Digital resources bring a lot to education, but using them is more difficult than many people think. Sal Khan has triggered a revolution in education, but that has already happened. To build a meaningful framework on top of that to help children learn, a lot more effort needs to be put in than just presenting a film. I am a big sceptic of these proposed revolutions in Polish education, but I don't want to get into any more verbal arguments on social media about it. The interlocutors are probably too often people who know everything better, but unfortunately at least some of them have not been in the classroom for a long time.

Any changes in school should focus on exactly what was mentioned above - that the teacher must act in such a way that the student comes out of the lesson with something concrete. There is a lot of talk about relationships in school, and rightly so, although there are exceptions. Of course, it's better if there's a cool atmosphere in the classroom and we tend to smile at each other, and I never push them too hard. The problem remains how to get the children to develop in THIS SPECIFIC subject. Pedagogy doesn't care, because pedagogues don't graduate in maths or physics. Films can be a gateway to the garden of knowledge, but the child must have the key with them..

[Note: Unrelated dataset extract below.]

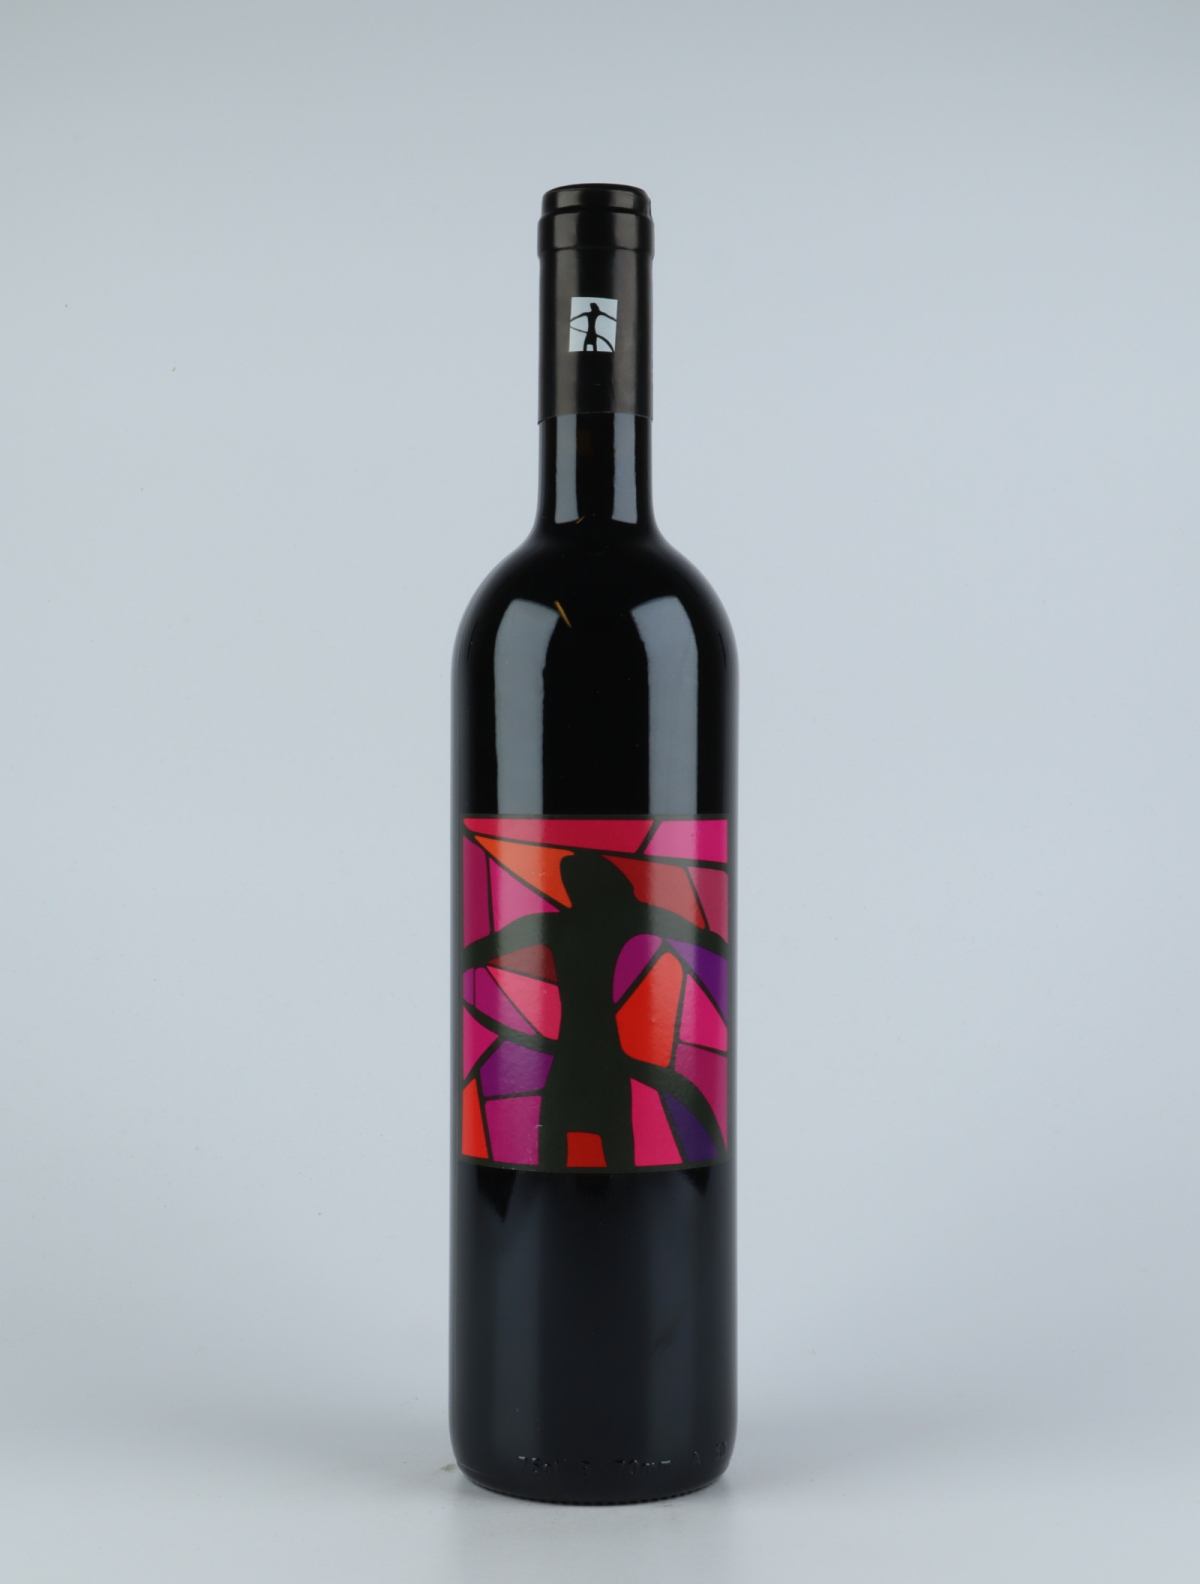 A bottle 2017 Gumbe di Amirai Red wine from Tenuta Selvadolce, Liguria in Italy

And here the very use of the language of numbers or symbols to describe something is a breakthrough (algebra is only introduced in Year 7), which instils fear in the children, an atavistic distance to the unknown. Dealing with this is the whole point of the job of a maths and science teacher, not whether I have managed to go through all kinds of tasks with them. In this respect, even the best teacher-student relationships are not particularly helpful. They are necessary, but not sufficient.

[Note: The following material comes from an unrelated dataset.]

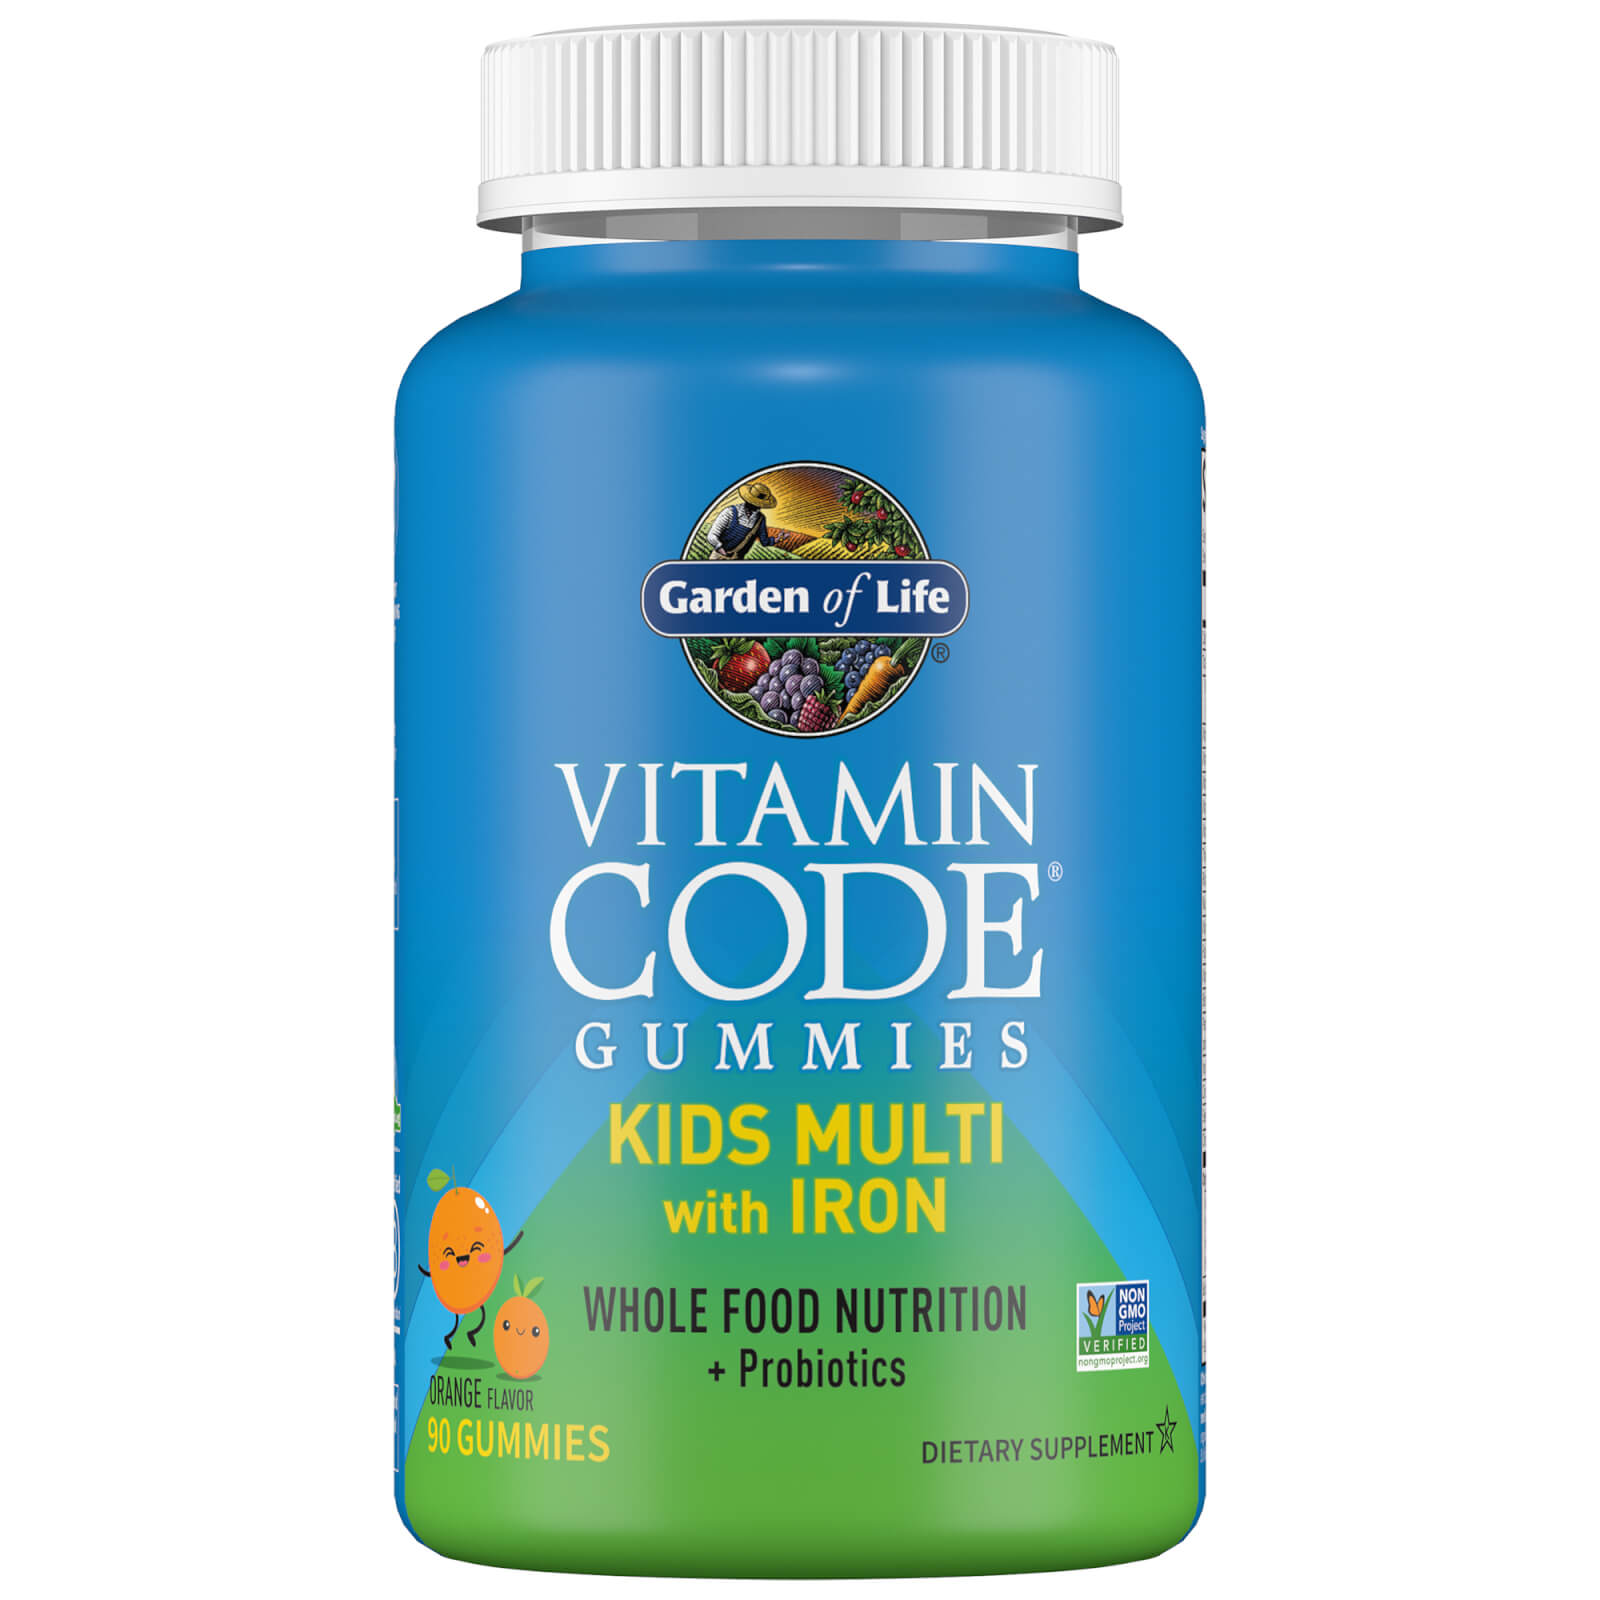 Vitamin Code Kids Multi Plus Iron Gummies

In other words, the methodology of how to successfully teach certain subjects remains mysterious.

We have some achievements here, but they have nothing to do with digital education.

– interview: Magdalena Kawalec-Segond

TVP WEEKLY. Editorial team and jornalists

–Translated by Cezary Korycki

Dr Lech Mankiewicz, Professor at the Polish Academy of Sciences. Physicist and astrophysicist, as well as populariser of natural sciences, for over 20 years associated with the Centre for Theoretical Physics of the Polish Academy of Sciences, which he headed in 2007-19. He is strongly involved in international educational initiatives as the Polish coordinator of the EU-HOU programme (Hands-On Universe, Europe) or as the person responsible for the Polish language version of the global educational portal Khan Academy. His contribution to the dissemination of astronomical knowledge (e.g. the possibility for students and teachers of Polish schools to conduct their own regular observations of the cosmos as part of the EU-HOU programme) was awarded the Zonn Medal by the Polish Astronomical Society in 2011. Thanks to a suggestion from students participating in the International Asteroid Search Campaigns, the main belt asteroid (279377) 2010 CH1 was named Lechmankiewicz.